TGF-β/BMP signaling pathway is involved in cerium-promoted osteogenic differentiation of mesenchymal stem cells.

The extensive applications of cerium (Ce) increased the chance of human exposure to Ce and its compounds. It was reported that Ce was mainly deposited in the bone after administration. However, the potential effect and mechanism of Ce on bone metabolism are not well understood. In this study, we investigated the cellular effects of Ce on the differentiation of mesenchymal stem cells (MSCs) and the associated molecular mechanisms. The results indicated that Ce promoted the osteogenic differentiation and inhibited the adipogenic differentiation of MSCs at cell level. Genes involved in transforming growth factor-β/bone morphogenetic proteins (TGF-β/BMP) signaling pathway were significantly changed when the MSCs were exposed to 0.0001 µM Ce by RT(2) Profiler™ PCR Array analysis. The expression of genes and proteins related to pathways, osteogenic, and adipogenic biomarkers of MSCs upon interaction with Ce was further confirmed by quantitative real-time reverse transcriptase polymerase chain reaction (Q-PCR) and Western blot analysis.

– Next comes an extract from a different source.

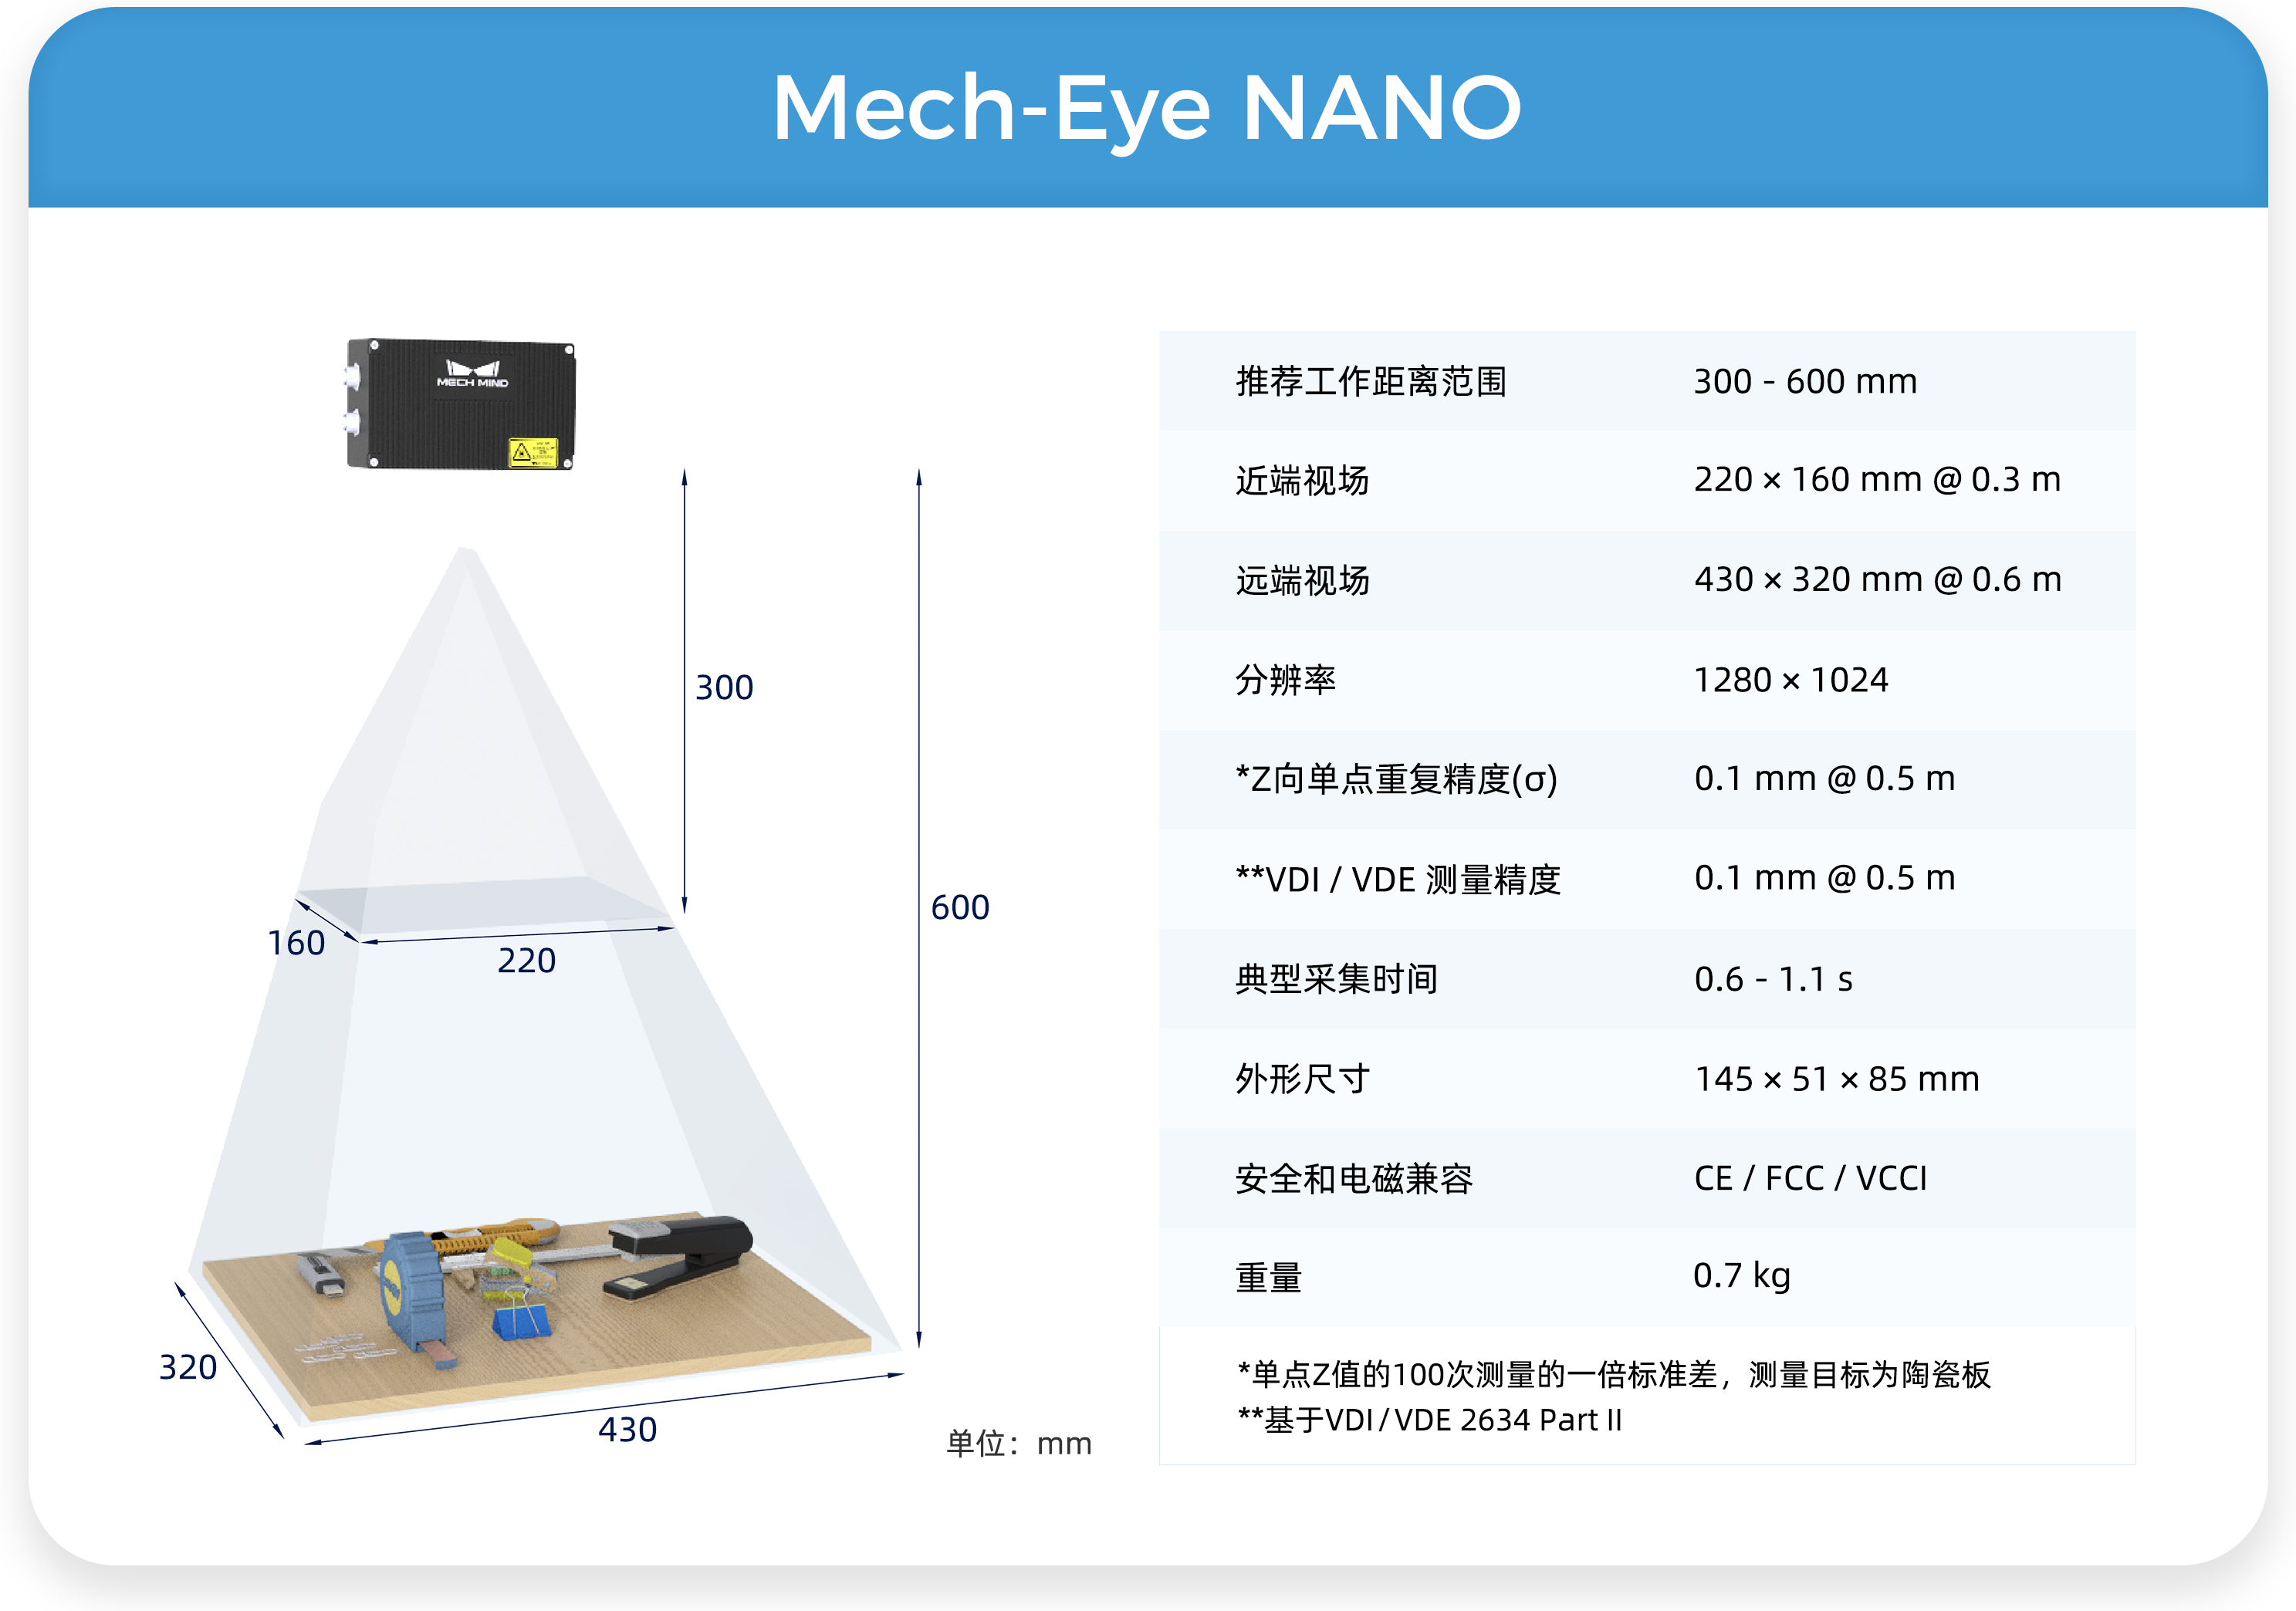 远/中/近距离Mech-Eye工业级3D相机，满足汽车行业生产精度、视野、抗环境光多维需求
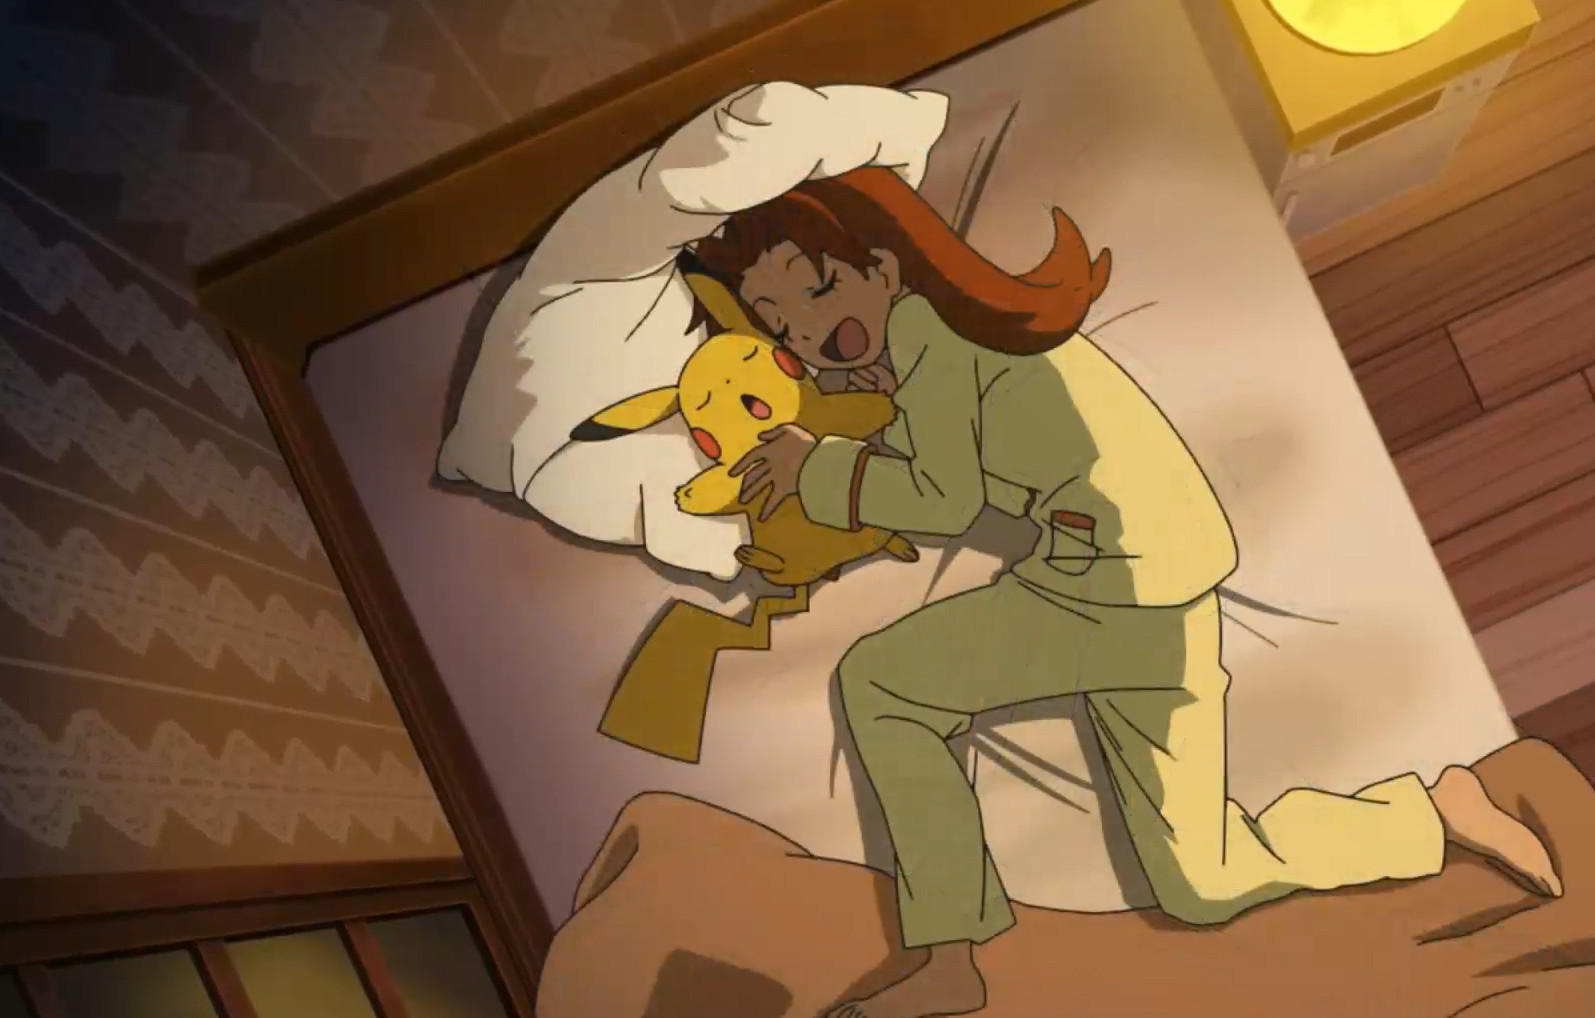 Entenda o motivo pelo qual Pikachu fugiu de Ash no último episódio de Pokémon Journeys

The results suggest that Ce exerts the effects by interacting with bone morphogenetic protein receptor (BMPR) and activates TGF-β/BMP signaling pathway, leads to the up-regulation of the osteogenic master transcription factor, runt-related transcription factor 2 (Runx 2), and the down-regulation of the adipocytic master transcription factor, peroxisome proliferator-activated receptor gamma 2 (PPARγ2). Runx2, which subsequently up-regulates osteoblast (OB) marker genes collagen I (Col I) and BMP2 at early stages, alkaline phosphatase (ALP), and osteocalcin (OCN) at later stages of differentiation, thus driving MSCs to differentiate into OBs. The results provide novel evidence to elucidate the mechanisms of bone metabolism by Ce.